** Source material follows **
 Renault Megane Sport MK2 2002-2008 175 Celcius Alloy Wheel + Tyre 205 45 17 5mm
** End of Source material **
** Source material follows **
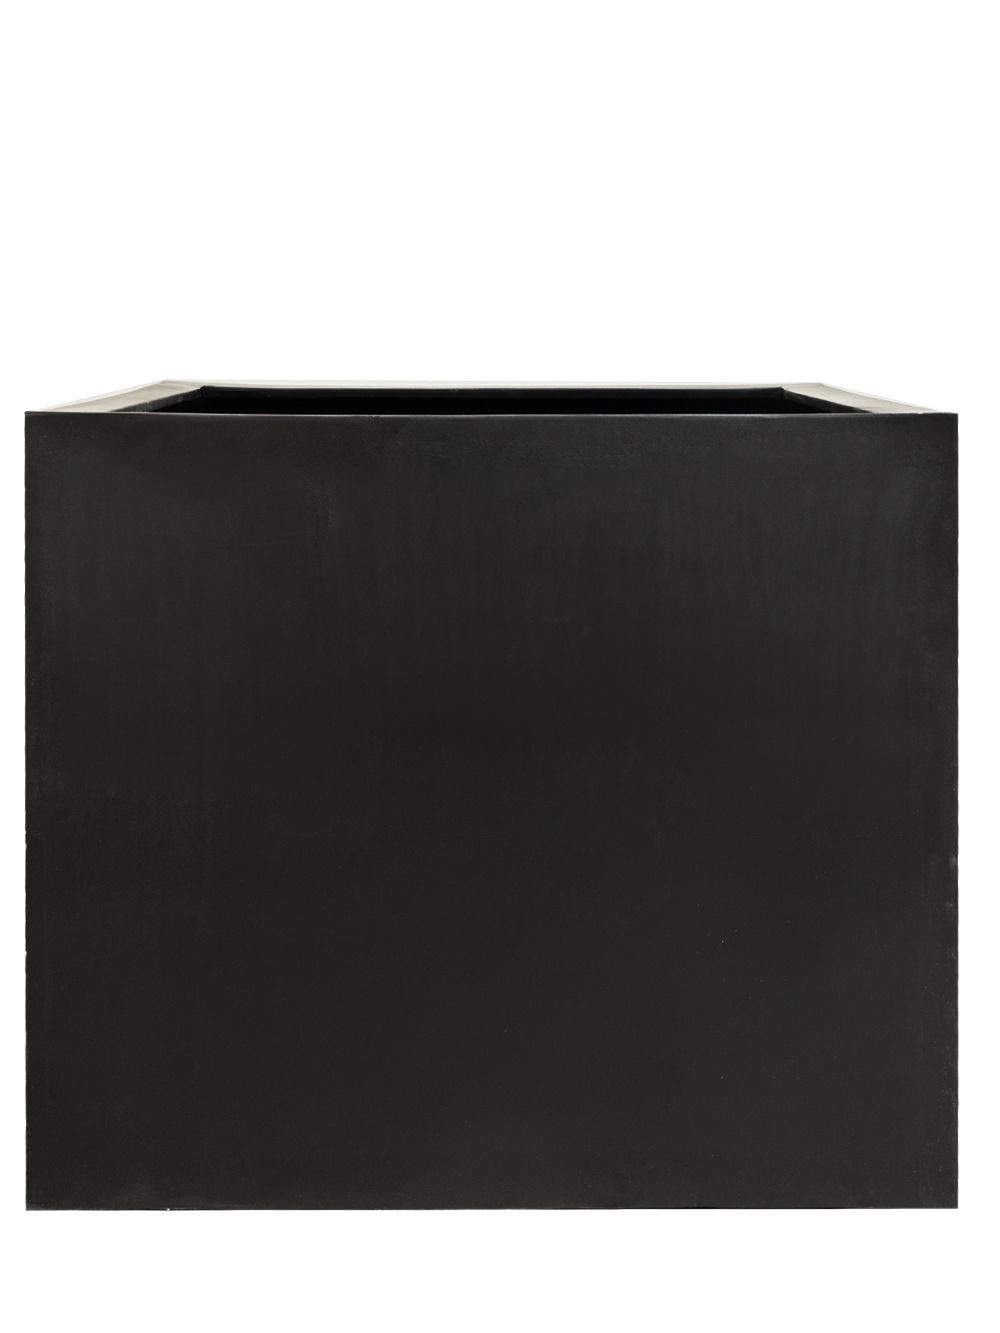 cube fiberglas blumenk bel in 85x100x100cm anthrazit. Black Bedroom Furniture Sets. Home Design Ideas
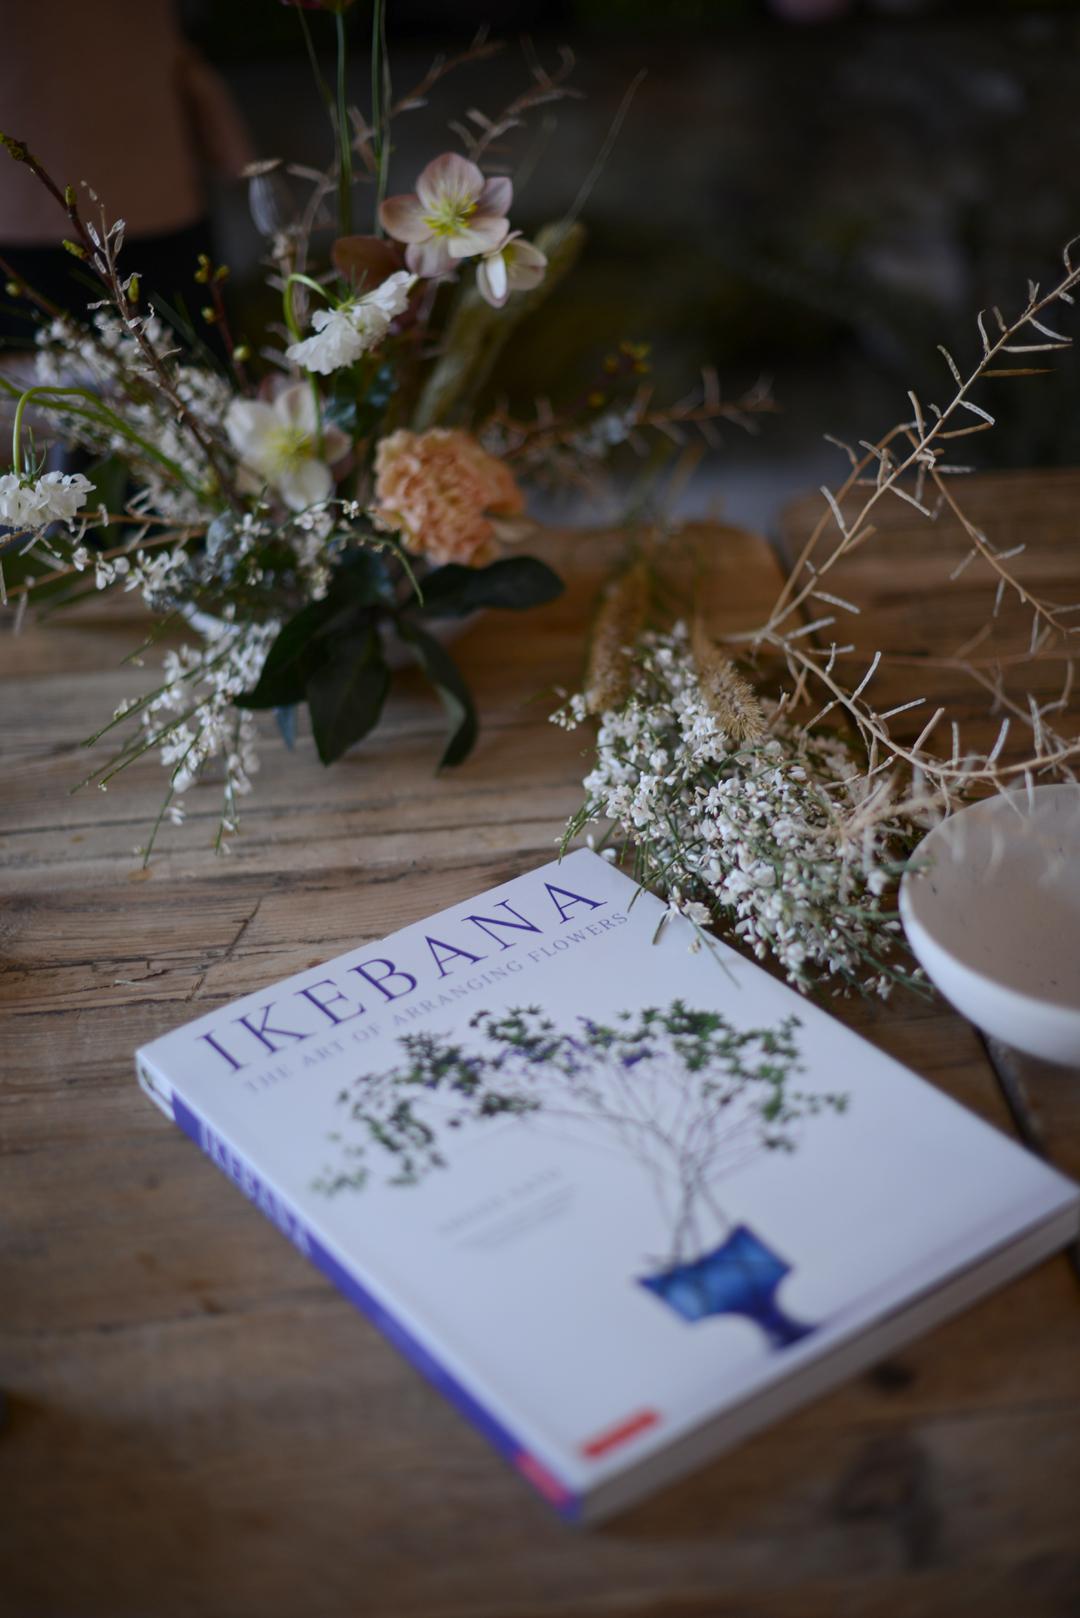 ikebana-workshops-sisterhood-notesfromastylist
** End of Source material **
* _Exercise description_
Find the line with "cube fiberglas blumenk" in the entries above. Set down exactly every line from it up to and including the line with "ikebana-workshops-sisterhood-notesfromastylist", images excluded.

* _Your response_
 cube fiberglas blumenk bel in 85x100x100cm anthrazit. Black Bedroom Furniture Sets. Home Design Ideas
 ikebana-workshops-sisterhood-notesfromastylist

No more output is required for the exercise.